25 tested Veo 3 prompts (categories)
Cinematic narrative (5)
- Solo character moment with emotional close-up + soft score
- Two-character dialogue scene with shot-reverse-shot framing
- Third-person tracking shot through a city
- Slow push-in on a key object
- Wide establishing shot with camera reveal
Product / commercial (5)
- Hero product on rotating turntable with studio lighting
- Lifestyle product placement in domestic setting
- Liquid pour into glass, slow-motion, side lighting
- Hand reaching for product, top-down framing
- Product reveal with light gradient sweep
Abstract / mood (5)
- Slow-motion fabric movement in wind
- Particles drifting through colored light
- Macro of liquid surface tension
- Time-lapse of clouds with shifting light
- Geometric shapes morphing on neutral background
Documentary / interview (5)
- Talking head, eye-level, soft natural light, slight rack focus
- Working hands close-up with ambient workshop sounds
- Walking-and-talking handheld follow shot
- B-roll insert: details of an environment
- Environmental portrait with subject in setting
Action / kinetic (5)
- Skateboard trick, low angle, 60fps suggested
- Runner on track at sunrise, side tracking
- Cooking sequence: chopping, sizzling, plating cuts
- Crowd movement in a marketplace, top-down
- Vehicle drive-by with motion blur
(Full prompt text for each available in our Veo 3 prompt library.)
Camera modifier reference
Veo 3 understands cinematic terminology directly.

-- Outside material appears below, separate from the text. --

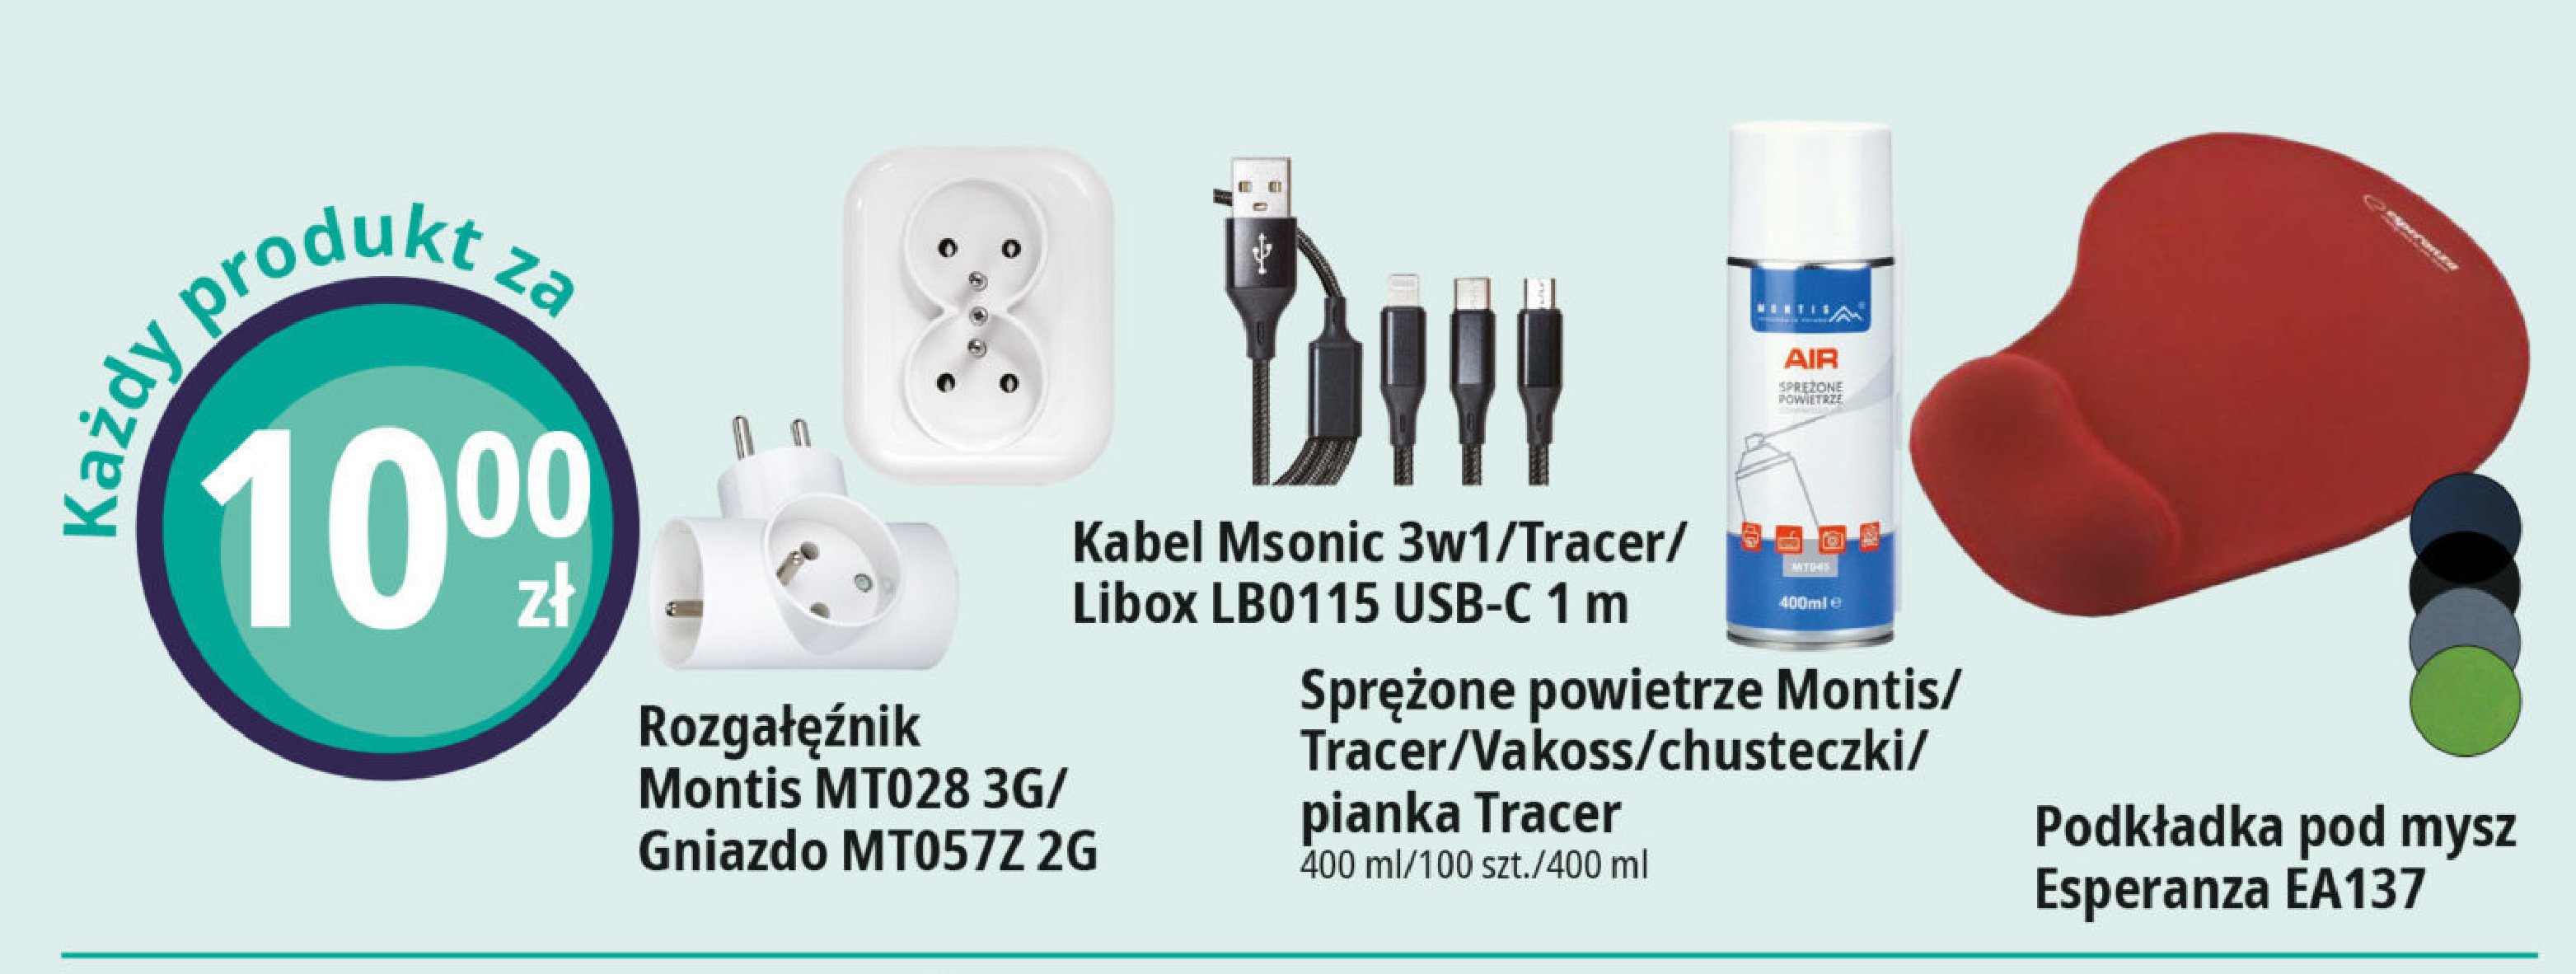 Kabel lb0115 usb-c 1 m Libox promocja

Mix 2-3 per shot:
| Category | Modifiers that work |
|---|---|
| Framing | wide shot, medium shot, medium close-up, close-up, extreme close-up, two-shot, over-the-shoulder |
| Movement | static, pan left/right, tilt up/down, dolly in/out, tracking shot, handheld, gimbal smooth, crane up/down |
| Angle | eye-level, low angle, high angle, Dutch tilt, top-down, worm's eye |
| Lens | 24mm wide, 35mm standard, 50mm portrait, 85mm telephoto, macro, fisheye |
| Speed | 24fps cinematic, 60fps slow-motion, time-lapse, real-time |
Lighting modifier reference
| Category | Modifiers |
|---|---|
| Source | natural daylight, golden hour, blue hour, overcast diffused, studio softbox, neon, candlelight, firelight |
| Direction | front-lit, side-lit, backlit, top-lit, underlit |
| Mood | warm, cool, high-contrast, low-contrast, moody, ethereal, gritty, cinematic, dreamy |
JSON character mode (multi-shot consistency)

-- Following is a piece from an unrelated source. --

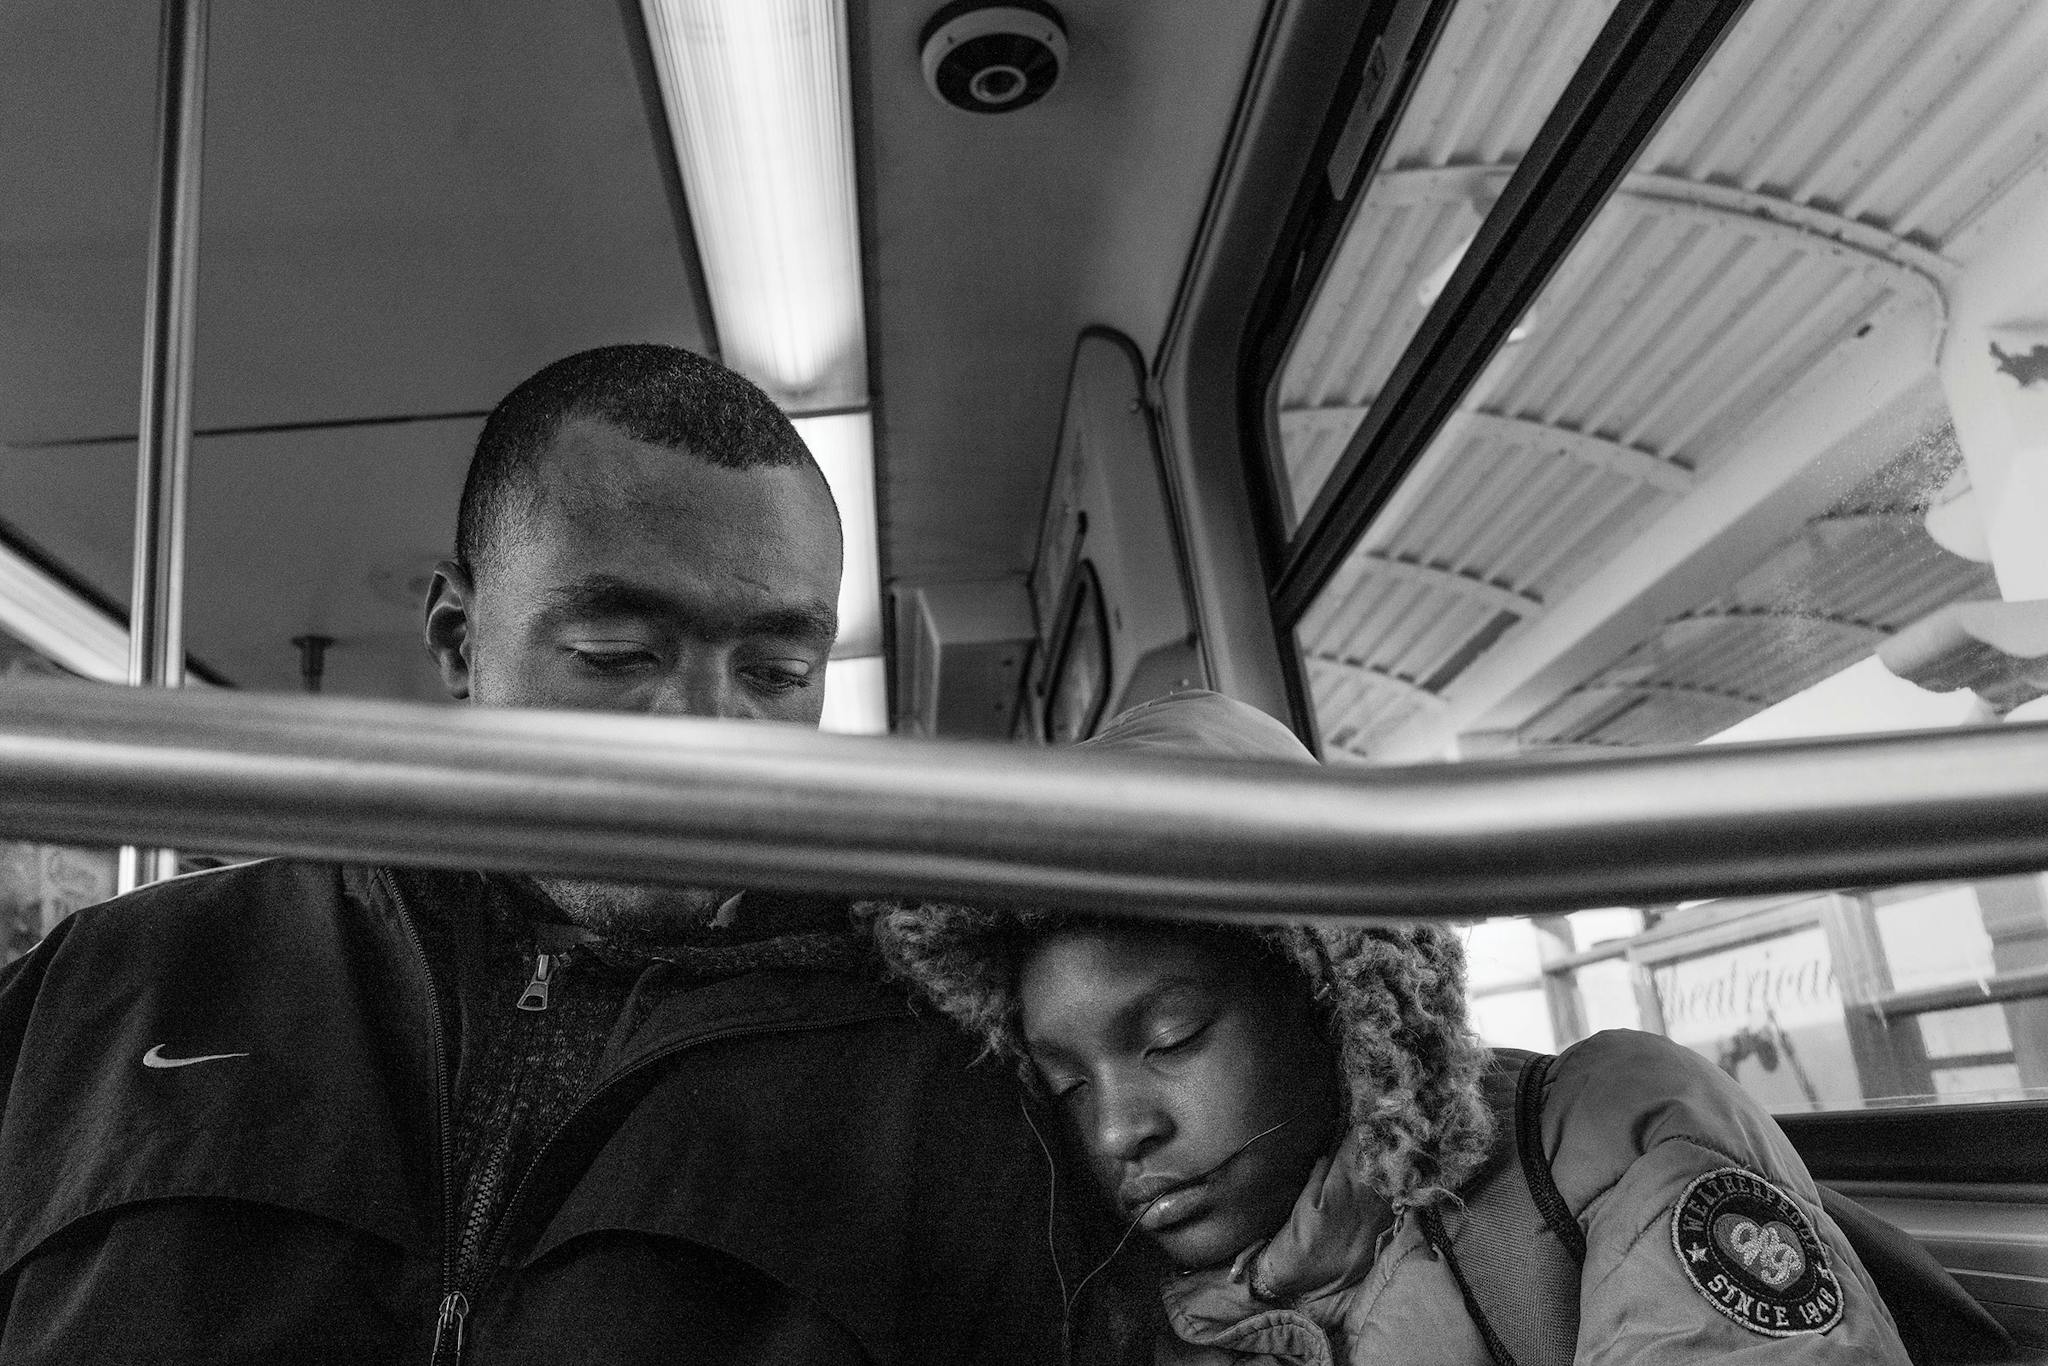 Twelve-year-old Devaiyah Buckner sleeps on her father Patrick’s shoulder on the train ride back from school.

For sequences where the same character appears across shots, define them once in JSON:
{
"character": {
"name": "Sarah",
"age": 30,
"appearance": "curly red hair shoulder-length, green eyes, light freckles",
"wardrobe": "long charcoal wool coat, black leather boots, leather portfolio"
},
"world": {
"location": "Paris, autumn dusk, light rain",
"palette": "warm golden + cool blue contrast"
}
}
Reference {{character}} and {{world}} in subsequent shot prompts. Consistency across 5-10 shots becomes feasible.

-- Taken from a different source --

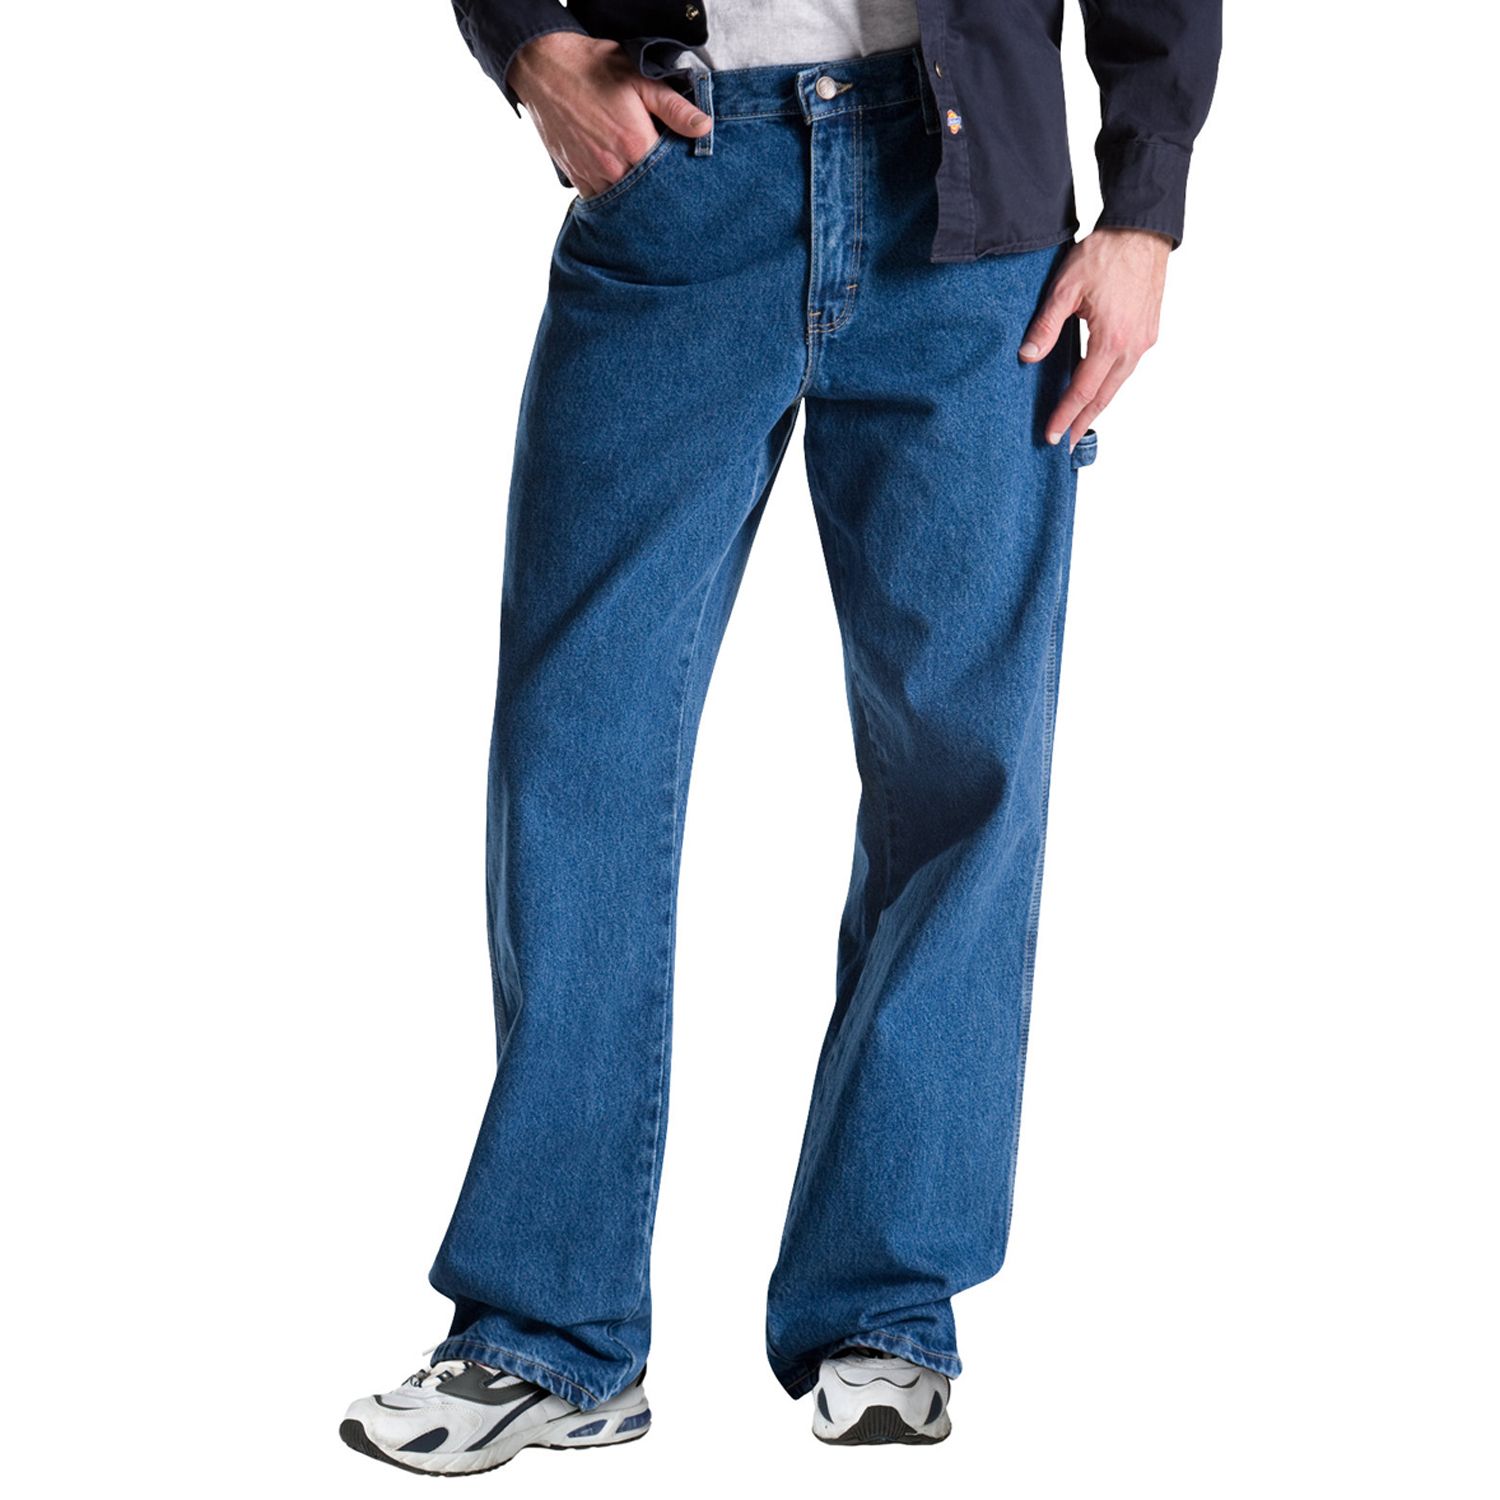 loose carpenter jeans

Common mistakes that produce generic Veo 3 output
- No audio cues. Visual-only prompts produce silent or mismatched audio.
- Generic subjects. "A woman walks" → faceless, generic. "A 30-year-old woman with curly red hair walks" → specific, repeatable.
- Mixed framing instructions. "Wide shot close-up" confuses the model. Pick one.
- Skipped scene context. No location, no weather, no time of day → output picks defaults.
- Single long prompt for multi-shot sequences. Use JSON character mode + per-shot prompts instead.
Resolution and duration
Veo 3 currently outputs:
- Resolution: up to 1080p (4K on select tiers)
- Duration: 8 seconds default, extendable
- Aspect ratios: 16:9, 9:16, 1:1
Specify aspect ratio in the prompt for vertical / square output: 9:16 vertical for social, 1:1 square for feed.
What to do next
- Pick one of the 25 categories above.
- Adapt the 6-part template with your specifics.
- Add explicit audio (3 layers).
- Generate. Iterate by tightening one variable per attempt.
Track which modifiers reliably produce the look you want — they'll become your personal preset library.